Sorry for the delayed reply @Stripedjamma, I need to change my notification settings! I am on my third and have never kept my notes on my person and have never been encouraged to do so. Only when I reach my last few weeks of pregnancy did I begin to take my notes out with me incase labour started whilst out and about. This time around I haven't forgotten my notes....as yet...and I'm on the home stretch. I am disorganised, however, once you find a routine that suits you (like my 'bold' calendar reminders or perhaps a personal phone message alert) you will feel less worried about forgetting. Also, I often put my notes in the car the night before my app. so when rushing around in the morning with the other dc I don't have to constantly remind myself to pick up on my way out. You'll be fine. Congratulations on your pregnancy.

Stripedjamma · 18/11/2019 17:31

Thank you so much for all your answers!
zebrapig my partner uses the car for work as I can walk to work. But this would have been a great idea otherwise, thank you.

snowflakeeel I think you're right about routine.

I've just got in touch with my midwife. She said that this is very normal/common for woman to not want their medical details being with them and mislaid and has arranged for me to visit the surgery this week and discuss alternatives. Smile
She explained that with all the baby brain forgetfulness on top of always losing things anyway, I don't need this stress and she'll work with me on a different way of doing things.
Yay!

OP posts:
Stripedjamma · 18/11/2019 17:32

snowflakeeel and to you! I hope the next few weeks aren't too stressful - not long now!

OP posts:
HIVpos · 19/11/2019 09:33

I’ve just got in touch with my midwife. She said that this is very normal/common for woman to not want their medical details being with them and mislaid and has arranged for me to visit the surgery this week and discuss alternatives.

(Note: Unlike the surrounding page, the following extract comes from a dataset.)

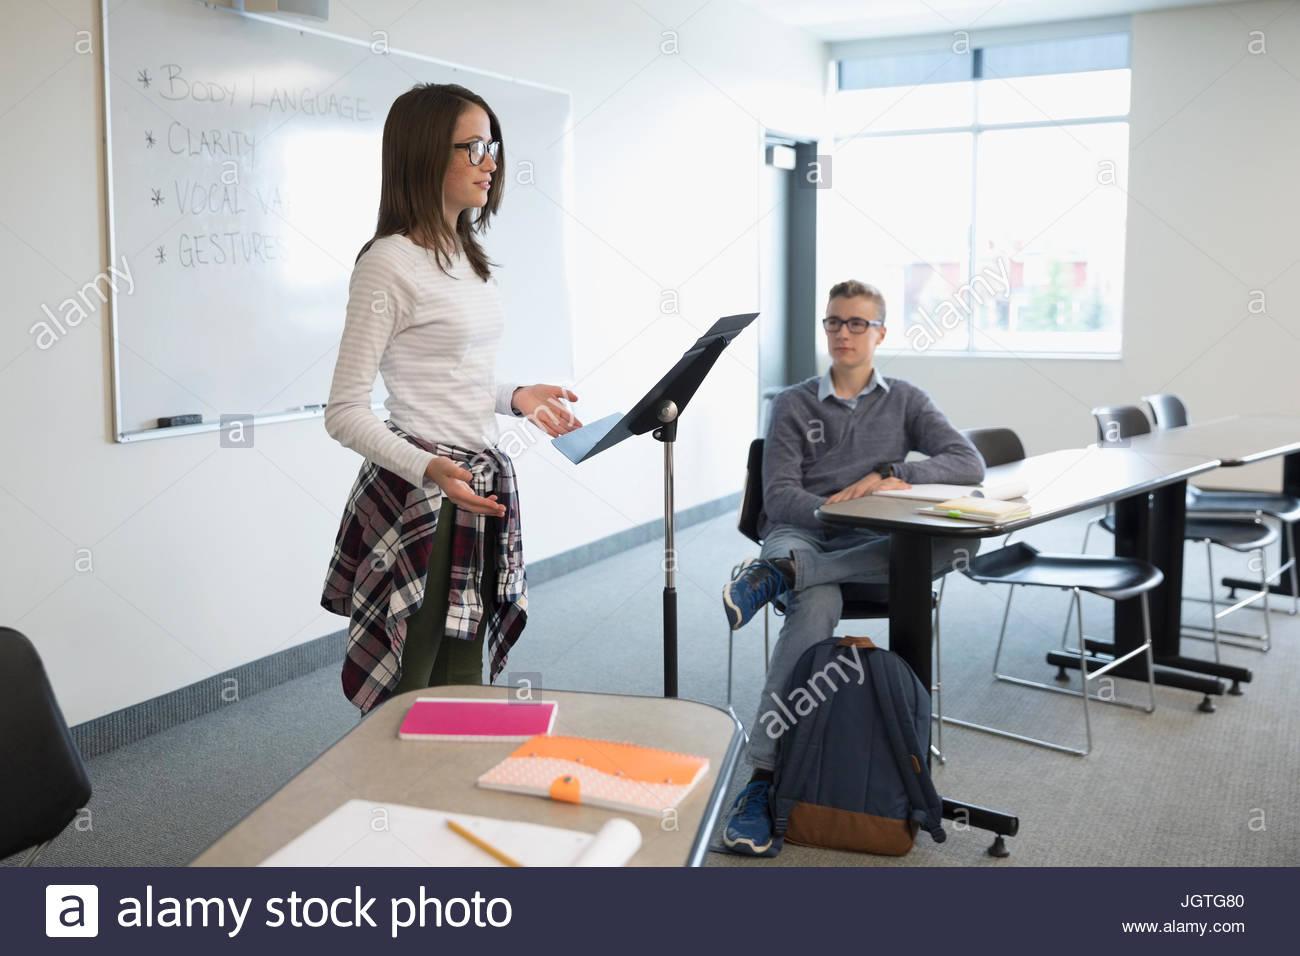 Girl middle school student speaking in debate club in classroom - Stock Image

Excellent news, it’s good your midwife is listening and happy to come up with alternative solutions. It’s important you enjoy your pregnancy with as little stress as possible.

I tried searching for a cheap-ish document wallet that has a combination lock which you could keep your book in but couldn’t find one as that would be good to have - maybe someone else has a suggestion? You can also use features on your phone - I have an emergency number on mine that is accessible to anyone and that person has all details of any health conditions and medications I am on.

Exciting times 😀

HorseMum91 · 19/11/2019 15:30

You're being ridiculous.
Look after you things like a grown up.